### DATA BELOW
****************

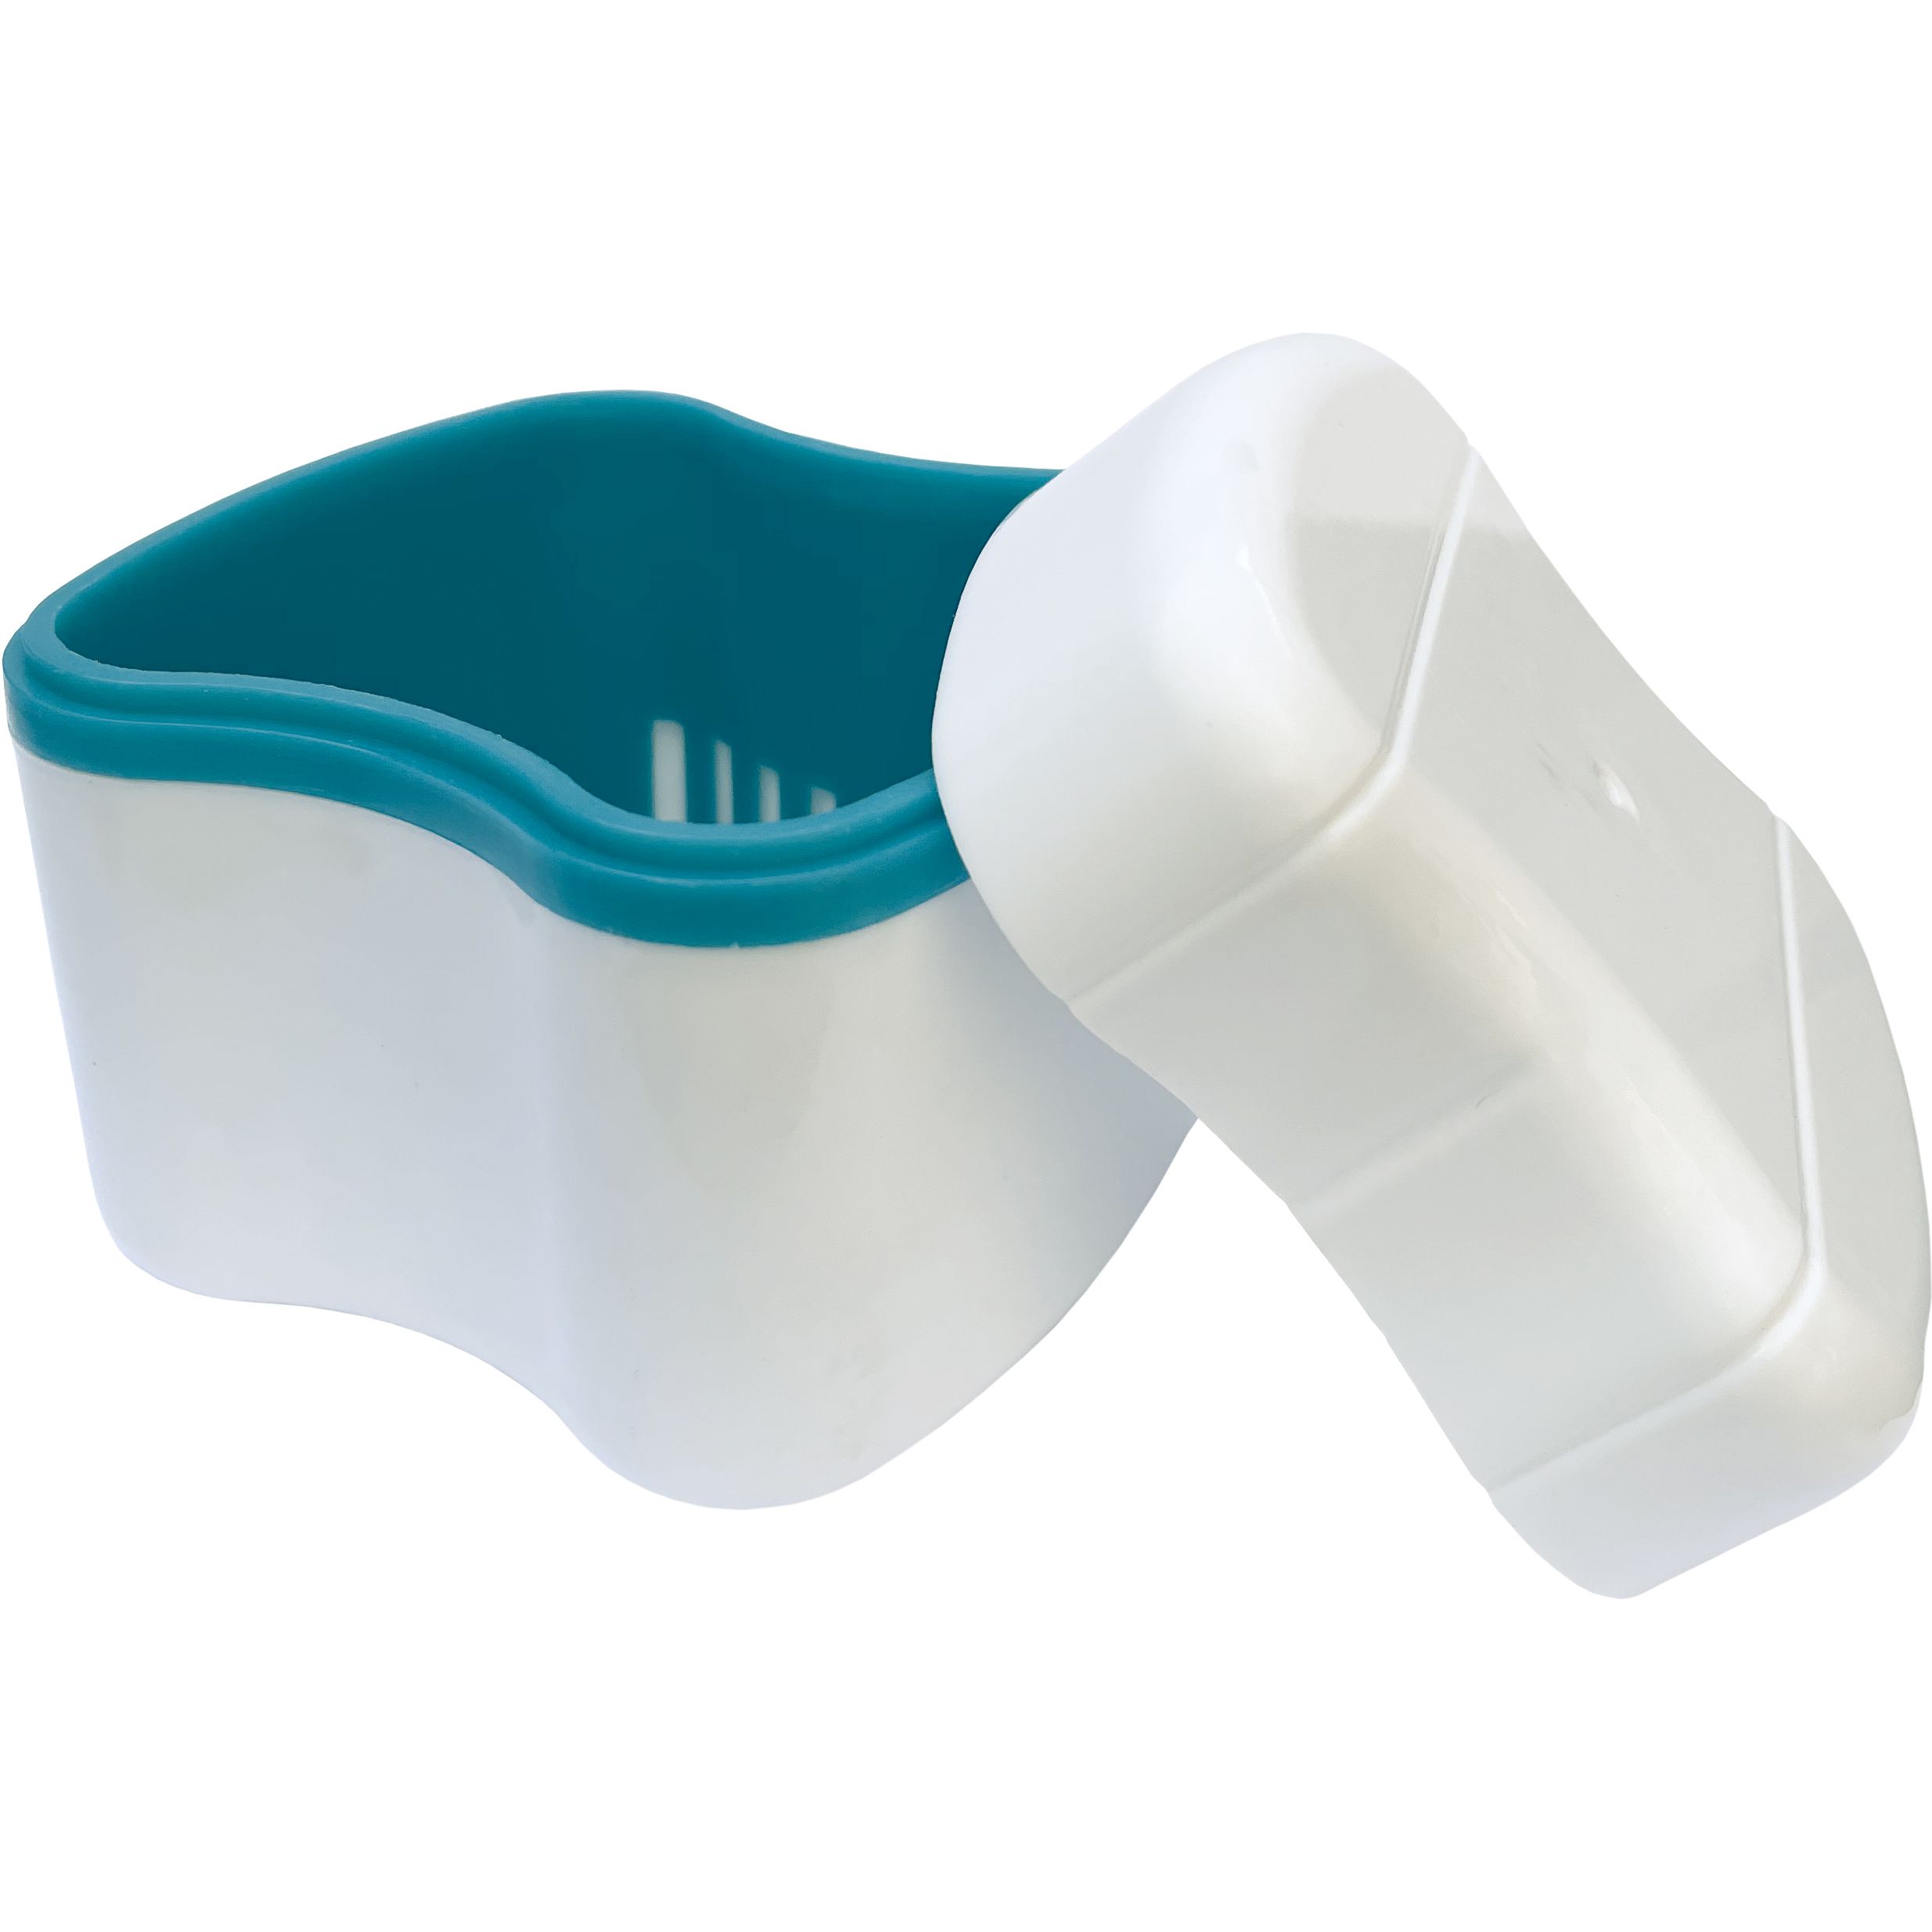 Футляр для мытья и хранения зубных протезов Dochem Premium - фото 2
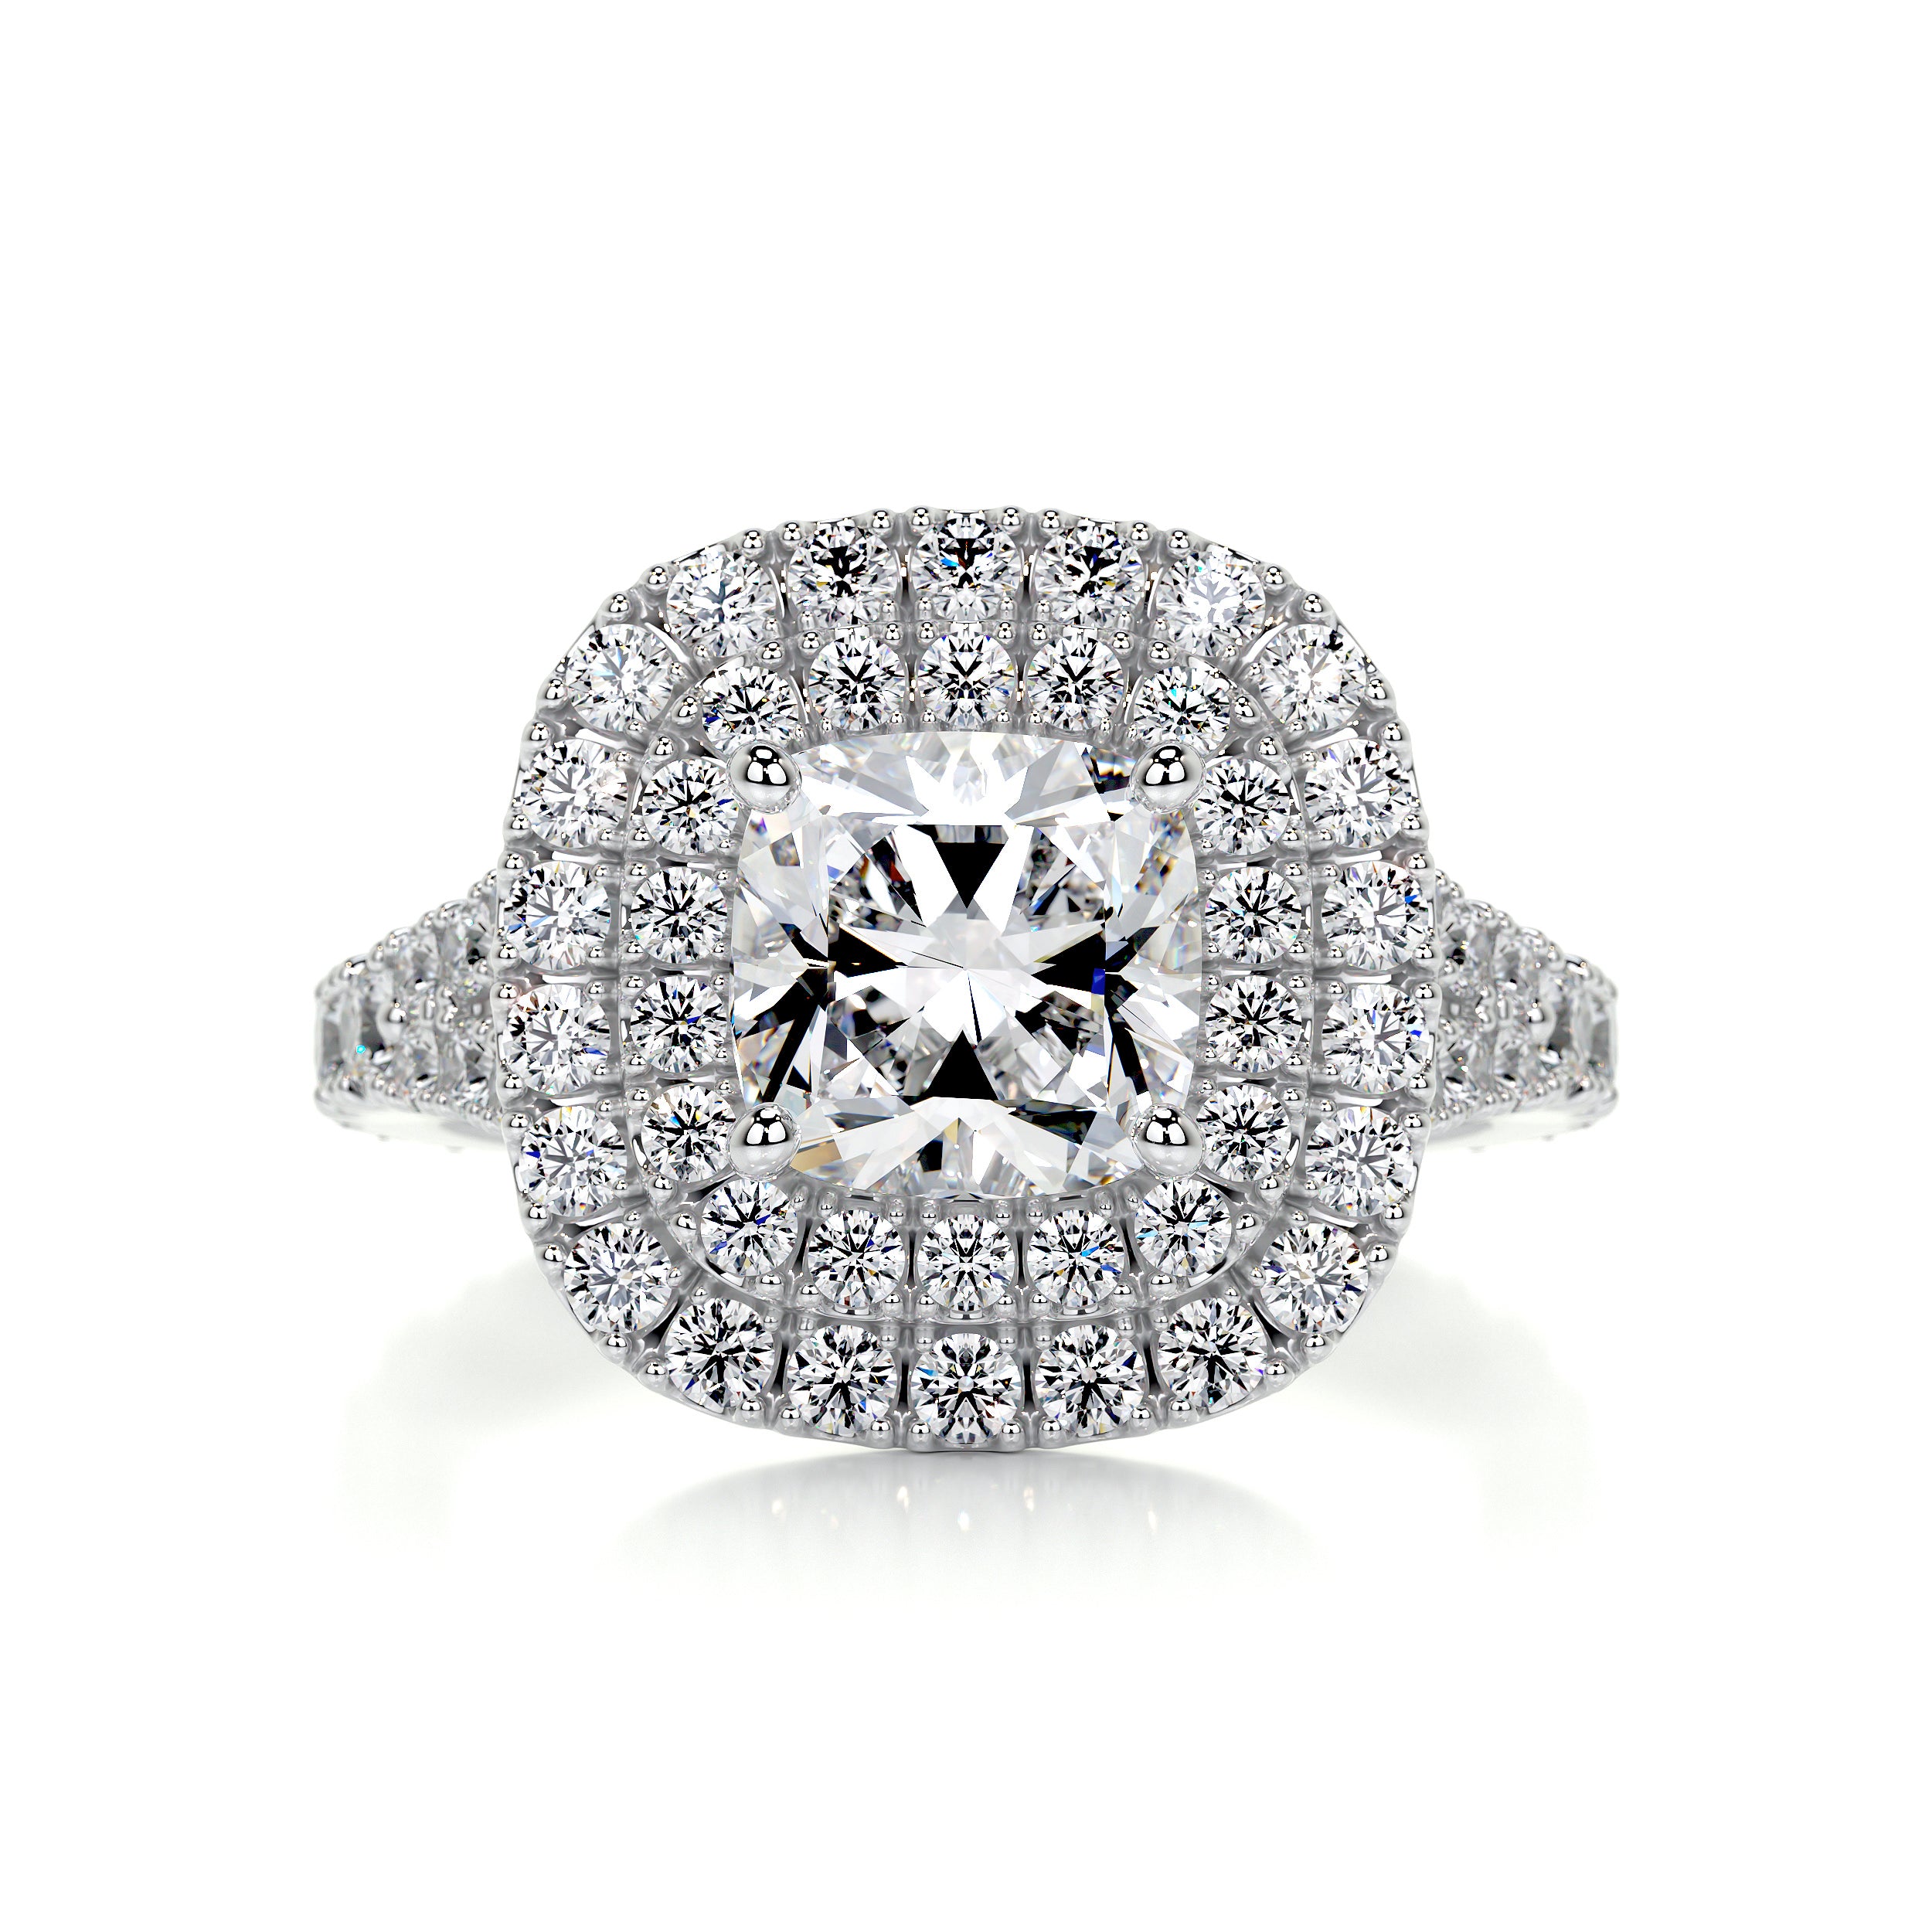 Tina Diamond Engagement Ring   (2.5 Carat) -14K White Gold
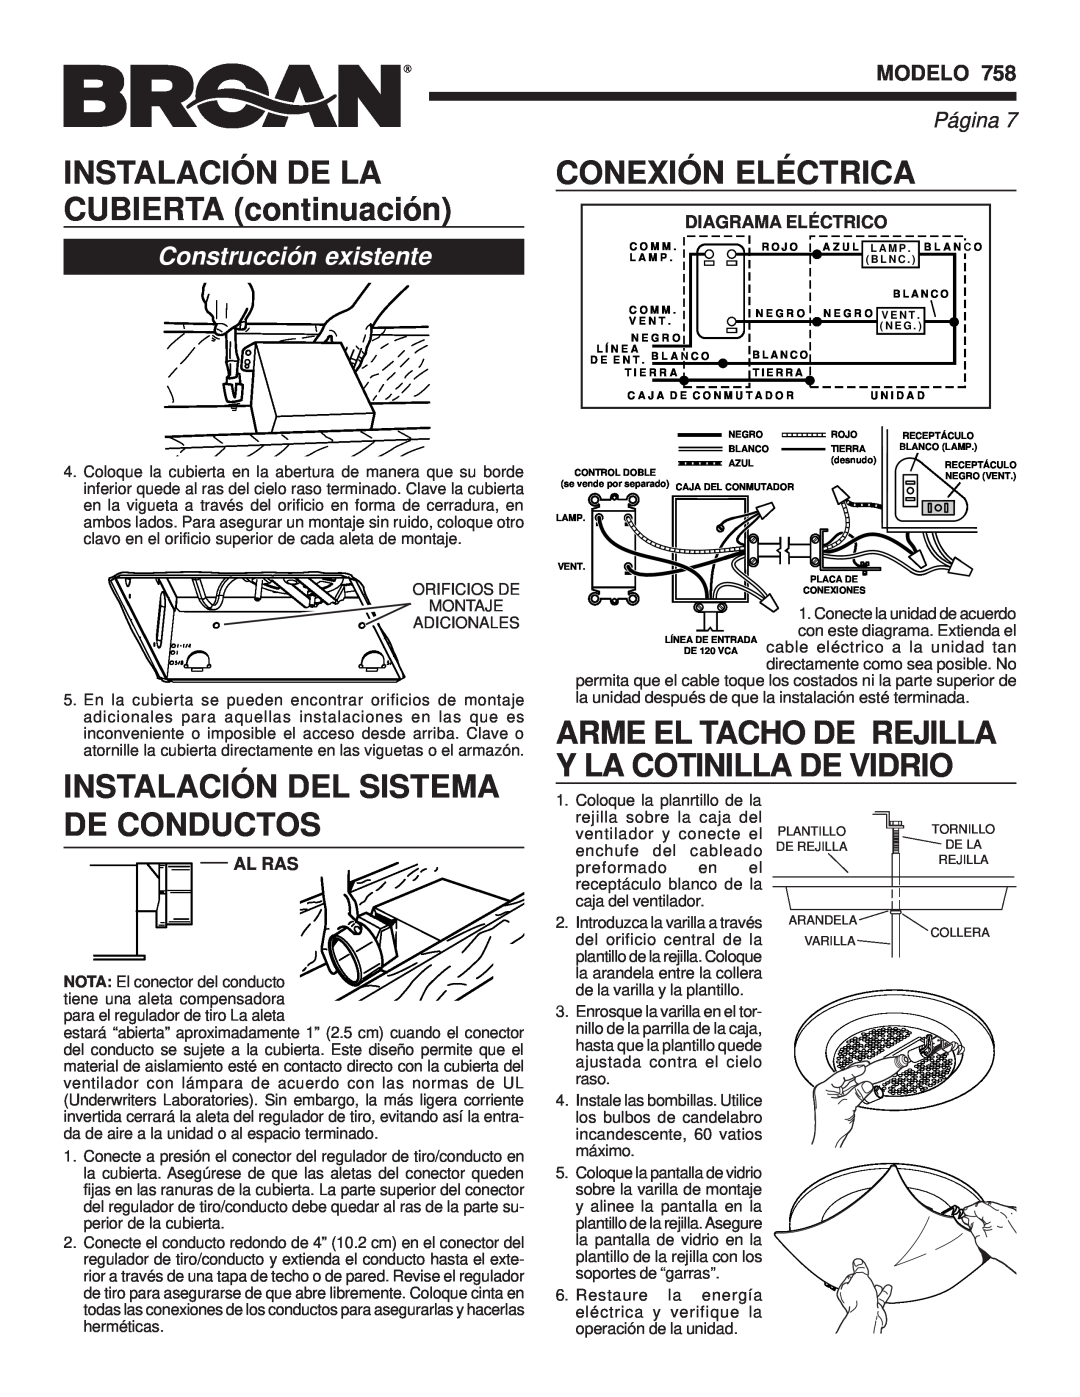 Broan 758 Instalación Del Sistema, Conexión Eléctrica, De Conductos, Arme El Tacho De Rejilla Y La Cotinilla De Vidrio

****************

### THE TASK
Set down, word for word, the full listing above, and carry over no pictures.

### WRITTEN ANSWER
 Футляр для мытья и хранения зубных протезов Dochem Premium - фото 2
 Tina Diamond Engagement Ring   (2.5 Carat) -14K White Gold
 Broan 758 Instalación Del Sistema, Conexión Eléctrica, De Conductos, Arme El Tacho De Rejilla Y La Cotinilla De Vidrio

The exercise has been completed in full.